Encyclopédique, l’œuvre de Maïmonide s’ordonne autour de deux pôles, le judaïsme, législation, observances, théologie d’une part, la philosophie d’autre part. Pour répondre à d’illustres patients ou consigner son expérience médicale, il compose des traités sur les poisons et leurs antidotes, sur l’asthme, sur les rapports sexuels, sur les hémorroïdes, sur l’hygiène, sur les Aphorismes d’Hippocrate.

Afin de fournir un accès direct à la Mishna (fin IIe s.), il commente l’ensemble de ses traités. Son œuvre majeure, la seule rédigée en hébreu, le Mishne Tora, Répétition de la Loi, offre en quatorze livres un compendium du Talmud dans une langue claire, délaissant les discussions, les protagonistes, les sources, pour ne retenir que la norme. Selon Abraham Heschel, Maïmonide entend prouver la tradition rabbinique. Une interprétation historique voit plutôt dans son entreprise un effort pour restaurer les foyers du judaïsme anéantis par le déluge almohade à l’échelle d’un continent. Dans cet esprit, il formule les treize principes de la foi juive qui entreront dans la liturgie grâce à l’hymne Yigdal (qu’Il soit exalté) composé vers 1300 par Daniel ben Juda de Rome. Premier codificateur du judaïsme, Maïmonide est son philosophe par excellence. Il confronte surtout la philosophie d’Aristote (transmise par les commentateurs arabes et de son temps par Averroës) aux données de la révélation.

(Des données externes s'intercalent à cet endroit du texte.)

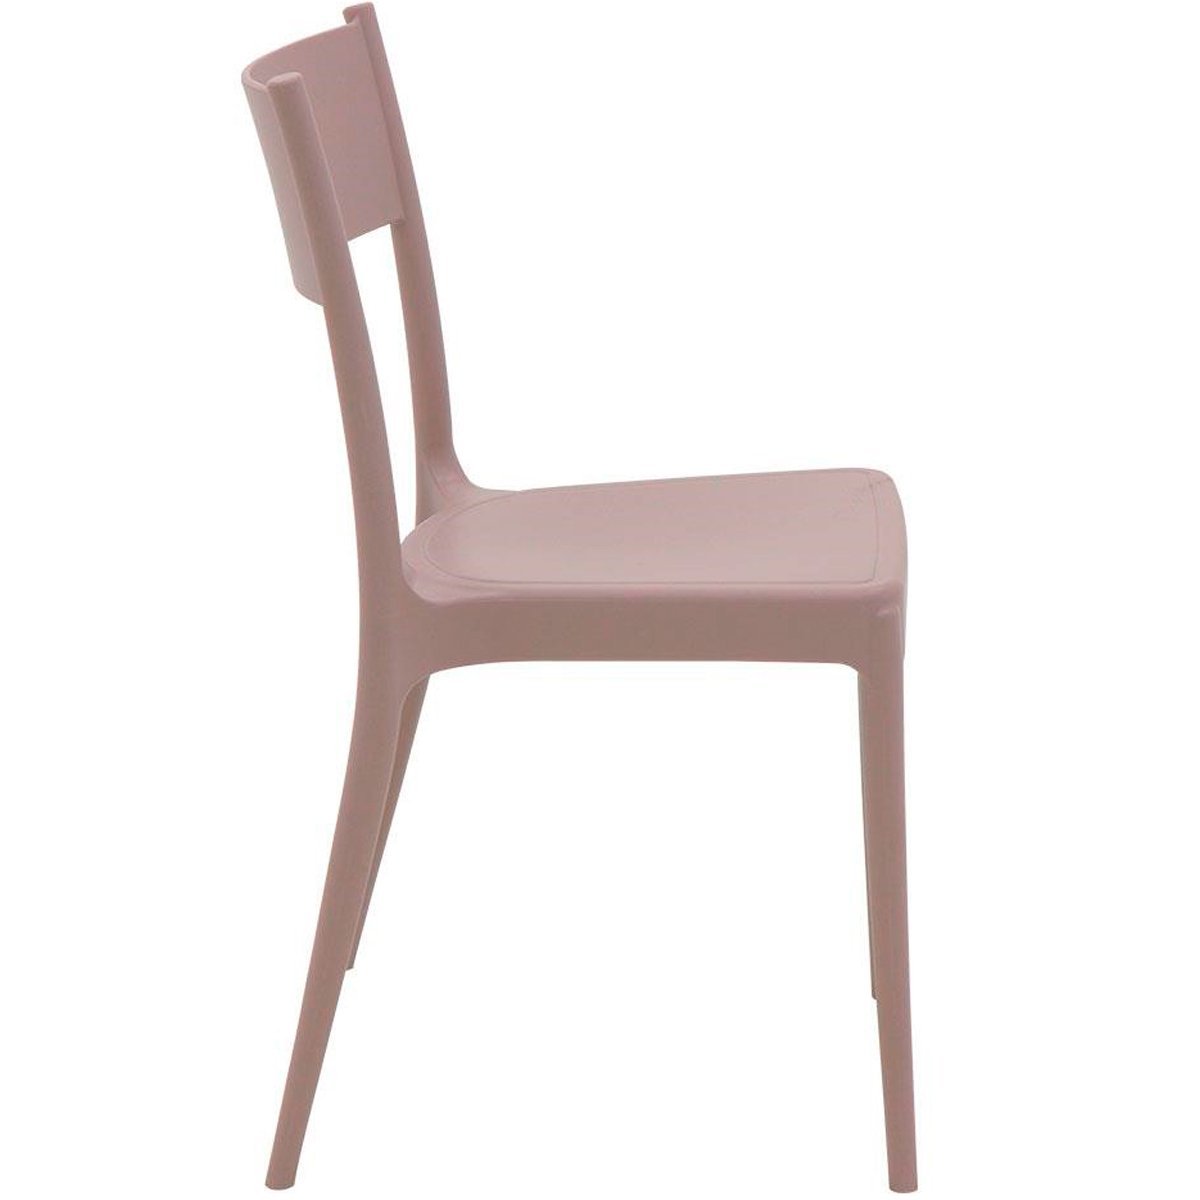 Conjunto 4 Cadeiras de Polipropileno e Fibra de Vidro Summa Eco Diana - Tramontina - Camurça 92030/4 - 3

Rejetant les thèses d’Aristote sur l’éternité du monde, il bâtit avec son Guide des Égarés la première synthèse occidentale entre raison et révélation.

Texte fondateur, la version de Samuel Ibn Tibbon diffuse l’aristotélisme dans les foyers juifs du Languedoc – Marseille, Montpellier, Lunel, Arles, Nîmes – suscitant adhésion passionnée et opposition violente, un conflit qui gagne le Midi et le Nord de la France, la Terre sainte et la diaspora. Les adversaires de Maïmonide lui reprochent de ne point citer ses sources dans le Mishne Tora, de promouvoir des commentaires allégoriques de l’Écriture dans le Guide, voire de nier la résurrection des morts. En 1220, le rabbin Salomon b. Abraham de Montpellier fulmine une excommunication contre tout lecteur du Guide et du Mishne Tora. Une tradition controuvée prétend même qu’en 1231 le clan anti-maïmonidien intrigue si bien auprès des dominicains qu’ils livrent au feu les écrits de Maïmonide. Le conflit reprend de plus belle entre 1303 et 1306, se généralisant autour de la licéité des études philosophiques. Certains thèmes maïmonidiens, comme la distinction entre les principes nécessaires au commun et leur entendement par les élites, les attributs négatifs de la divinité, les cinq théories de la Providence deviennent des acquis définitifs et l’œuvre tant halakhique que philosophique de Maïmonide triomphe dans la longue durée au sein de la diaspora en son entier.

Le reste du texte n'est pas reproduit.